Digression: Why do you want to enable this beta utf-8 option?

imba-tjd avatar May 06 '22 01:05 imba-tjd

@imba-tjd linux and macos both set the default encoding to utf8. i need to share source codes with chinese characters between my windows machine and linux machine (wsl1 and wsl2 use utf-8, too).

everything411 avatar May 06 '22 05:05 everything411

Did you tried to input Chinese from stdin? Try this

System.out.println(new Scanner(System.in).nextLine());

You will find that it fails to read, if you enabled the beta utf8.

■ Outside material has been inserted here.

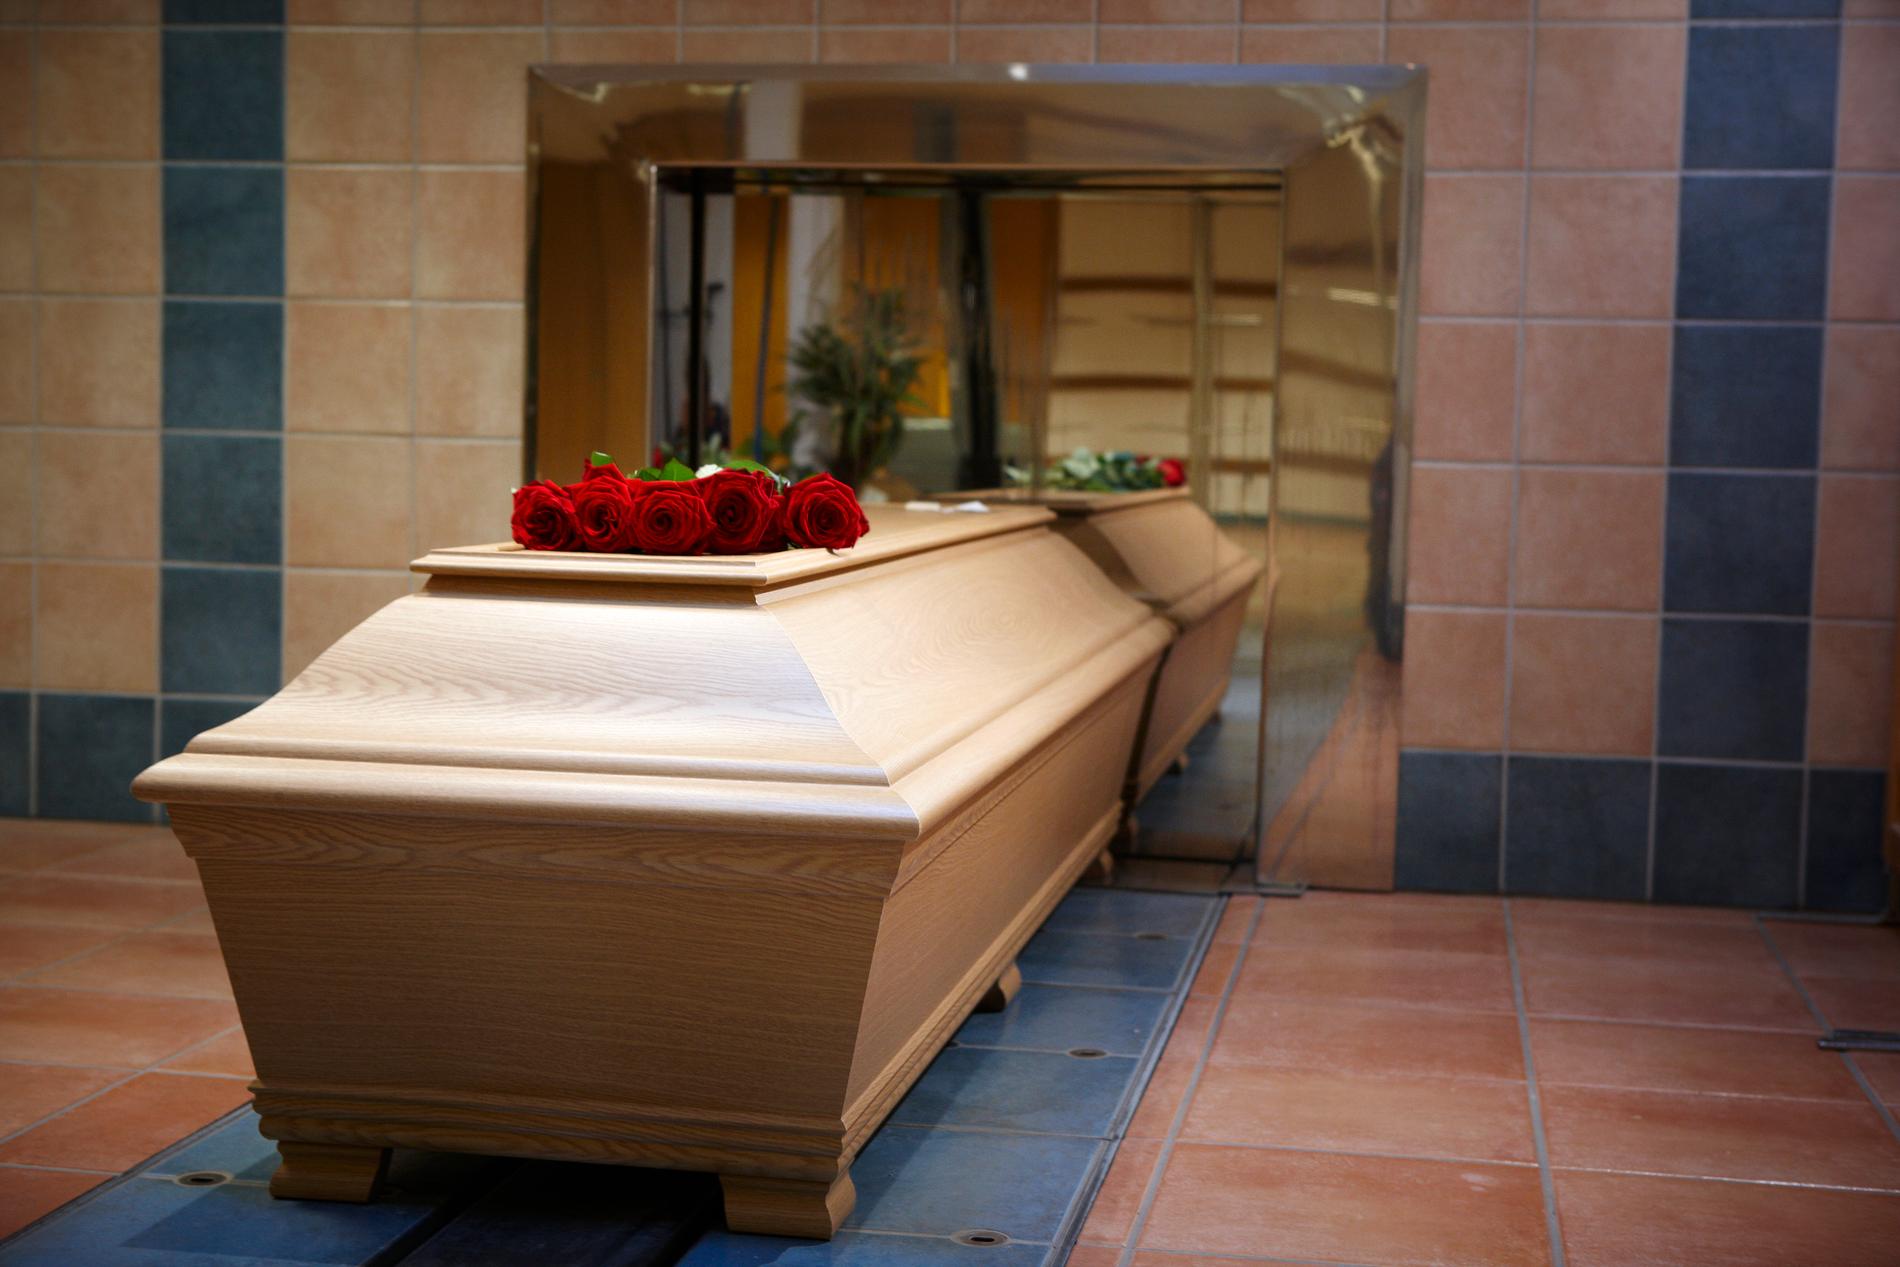 Många av landets krematorier kan inte hantera större kistor. Arkivbild.

imba-tjd avatar May 06 '22 05:05 imba-tjd

I have also noticed this bug before. infact it not only affects java, but for C scanf, C++ cin, C# Console.Readline, they all don't accept chinese when utf8 enabled.

I believe that this is a windows console related bug instead of the language runtime. see https://docs.microsoft.com/zh-cn/windows/console/classic-vs-vt and https://github.com/microsoft/terminal/issues/7777

everything411 avatar May 06 '22 09:05 everything411

The issue https://bugs.openjdk.org/browse/JDK-8272352 might be relevant here; it was backported to OpenJDK 11.0.17 and Java 17.0.5 quite recently.

(Just passing by... I saw this thread as I was fixing Unicode problems in the NetBeans IDE.)

eirikbakke avatar Nov 29 '22 17:11 eirikbakke

@everything411 Are you able to try with our latest 17.0.5 build? As @eirikbakke mentions, the upstream issue seems to be fixed.

karianna avatar Nov 29 '22 22:11 karianna

@karianna I can confirm that all bugs I reported here no longer exist now.

everything411 avatar Nov 30 '22 01:11 everything411